GAAHHH! wtf? never heard of this, and hope never to again as we just bought one ourselves. did you have the ring on the zipper?


----------



## Spade Hackle (Jun 18, 2007)

I"m guessing the zipper un-zipped, the zipper didn't break?...If the zipper is still intact then an o ring through the two zipper pulls should keep the zippers from un zipping, glad you are OK, zippiddeeee do dah.

SH


----------



## raymod2 (Jul 22, 2010)

The two zipper cars were properly secured to each other with the keychain-style ring. If you look closely at the video the zipper started coming apart from behind me and stopped unzipping when it reached the zipper cars which were near my feet.


----------



## bigben (Oct 3, 2010)

wow that's crazy man. you should try not inflating it super full. it sucks having a squishy boat, but they say that you should be able to push into the tubes on a tomcat like a half inch, instead of having it rock hard. that's nuts it unzipped like that tho. i've had a tomcat for a few years and never heard of that happening. did it zip back up ok??


----------



## bookmillone (Jul 31, 2007)

Wow, amazing will power. I didn't hear one swear word in entire video


----------



## fiya79 (Feb 9, 2010)

I have 6 tomcats in my rental fleet 3 tandem and 3 solo and have not had any zipper trouble. 
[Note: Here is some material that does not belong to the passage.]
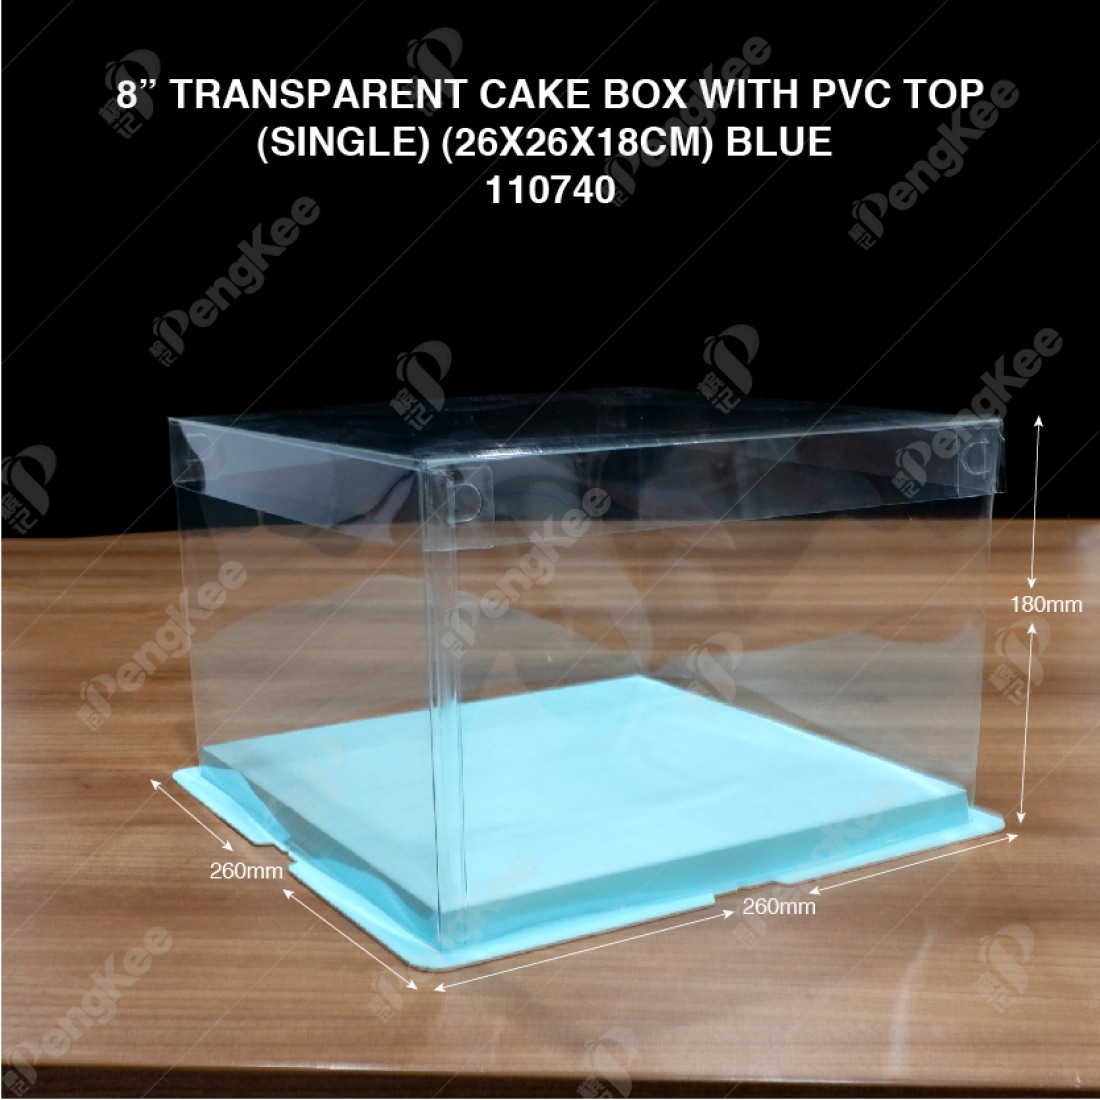 8" TRANSPARENT CAKE BOX WITH PVC TOP(SINGLE) (26*26*18CM)- BLUE

I had an aire cat that lost the split ring and unzipped a few inches over the course of a week. The zipper was in need of lube or it may have gone more.


----------



## kayakArkansas (May 14, 2004)

fiya79 said:


> I have 6 tomcats in my rental fleet 3 tandem and 3 solo and have not had any zipper trouble.
> 
> I had an aire cat that lost the split ring and unzipped a few inches over the course of a week. The zipper was in need of lube or it may have gone more.


 
That's what she said!


----------



## Moon (Jul 25, 2007)

Nice recovery......


----------



## mustloverafting (Jun 29, 2008)

Let us know what happens with AIRE. I have two Tomcats and an AIRE raft. I would like to know how they treat you. Great Video! Way to keep your head!


----------



## oarframe (Jun 25, 2008)

Whew, that must have caused unwanted leakage elsewhere. Nice job.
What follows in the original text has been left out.